Но я ничего такого не сделал. Отверг блаженный кафельный нужник и без машины – и в грязь, и в холод – мотаюсь, латаю ветхую пятистенку. Все же венцы у нее дубовые, навозной сыростью загодя притомленные, вечные – не разрубишь. Она еще выстоит, постоит.
Думал я, думал – не надумал, зачем завещал мне свой дом дальний родственник. Ведь у него есть прямые наследники. Они родились, болели и выросли в этой избе, ходили верстами в школу, выучились, разбежались, разъехались кто куда и не оспаривают у меня его завещания. А я лишь гостил здесь летом однажды. Давным-давно, целое лето без чисел, каникул и отпусков, без будничных, грязных, промозглых дождей, только с парными, грибными, прозрачными да решетчатыми. И с приманкой сбора ягодного, и медового, и орехового. Правда, с приказанным сном после обеда – «без разговоров». Зато день-деньской куролесь – твоя воля, и «рот до ушей, хоть завязочки пришей». И если сдвигались над нами тучи, гром бил, бил, царапал молнией небо, то тоже, казалось, для радуги, для торжества. И как хотелось пуститься вперегонки, скорее стать большим, но почему-то медлили времена года: весна, лето, осень, опять зима… Почему они медлили, что-то скрывали? Почему? Почему? Почему? «Ой, много будешь знать – скоро состаришься». Да разве скроешь что-нибудь от людей? Возьми ведро, пойди к колодцу – там все и узнаешь. Да можно и без ведра. Но лучше с ведром, а то прогонят: «Чего стоишь? Ишь, уши развесил!»
Вот история:
«Помнится, въехал немец-то на высоком коне, и давай первым делом гусям шеи крутить. Мы все за речкой попрятались. В банях, в лагере пионерском жили. А ваш дяденька, ну, хозяин-то ваш, старичок-то покойный, поставил, стало быть, на своем:
– Не уйду из избы, ядрен корень, и все тут. Куды мне, из дому-то, мол, из мово?
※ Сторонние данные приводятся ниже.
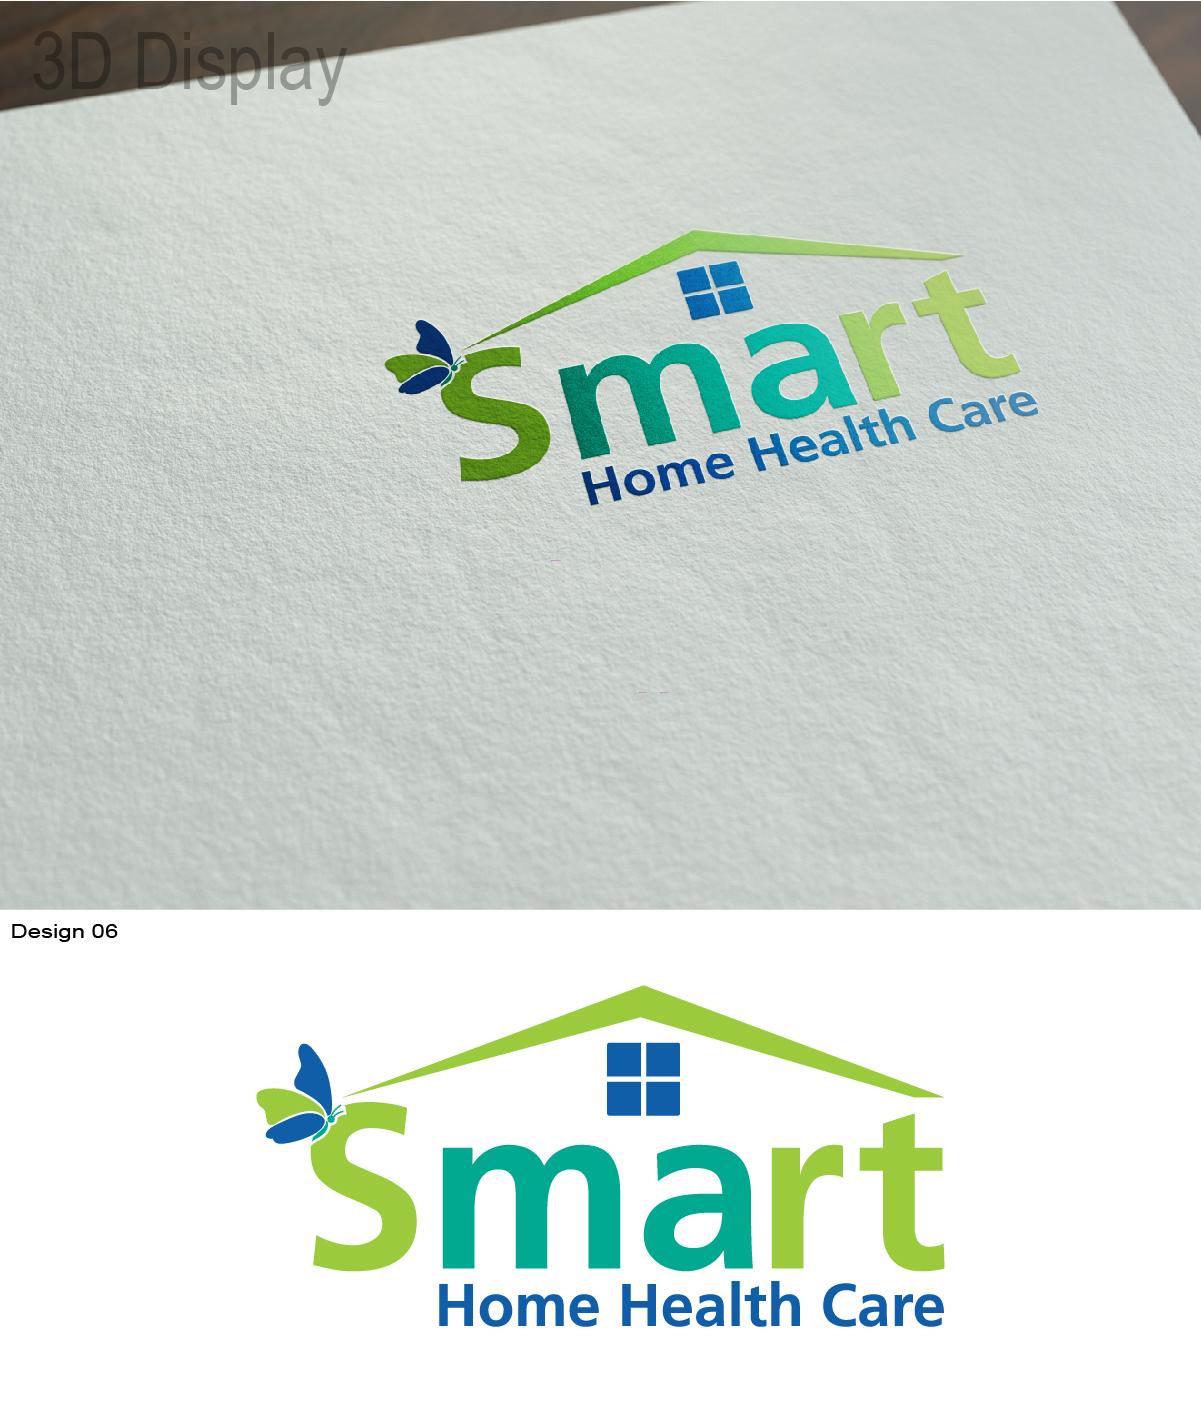 Modern Upmarket Business Logo Design For Smart Home Health Care By Blacknwhite Design 7716905

Очень дом-то свой обожал. До первой еще войны-то, до мировой, мороженщиком по вагонам ходил, сладостью промышлял. Собрал деньжонок-то, дом и поставил. Он грамотный дяденька был, хороший. Вина-то совсем не пил. Ни-ни-ни, ядрен корень. Так чтоб валяться-то – никогда! Видный такой, аккуратный мужчина, с фасоном, с походочкой – пинжачок! С девками приятный. Нравился, нравился… Я маленькая была – и то понимала. Ты палец-то вынь изо рта, сынок. Накося, оботри. Не слюнявь ты его, не надо. Ну, чего? Ах, да! Стало быть, вот: да против-то вас, по соседству немуха жила – «кусок дурака». Одинокая перезрелая
Ну вот, наконец, я и выбрался на проторенную дорогу. Не увязаю больше в снегу. Не проваливаюсь в воспоминания. Тьма позади, и мне незачем веселить душу. Странно, я так долго плутал, а не устал вовсе. Влекущий сиянием горизонт кажется совсем рядом. Но это искусственный свет. Туда ведет проторенная дорога, бегут светляками верстовые столбы. Этот свет в сумерках зажигают люди. Это мой город. Там меня ждут. Там я нужен. Быстрее, быстрее, надо успеть. Ведь скоро мы начинаем. Пейзажи смазались ластиком электрички, метро втолкнуло и вытолкнуло меня. Час пик. Смятение. Сутолока. Настала наша пора. Мы приступаем. Время работать.
– Привет.
– Привет. Добрый вечер. Я тебя жду. Раскошеливайся – взносы за профсоюз. Знаешь, тебе звонили из киностудии. Я сказал, чтоб позвонили домой, что тебя нет в театре.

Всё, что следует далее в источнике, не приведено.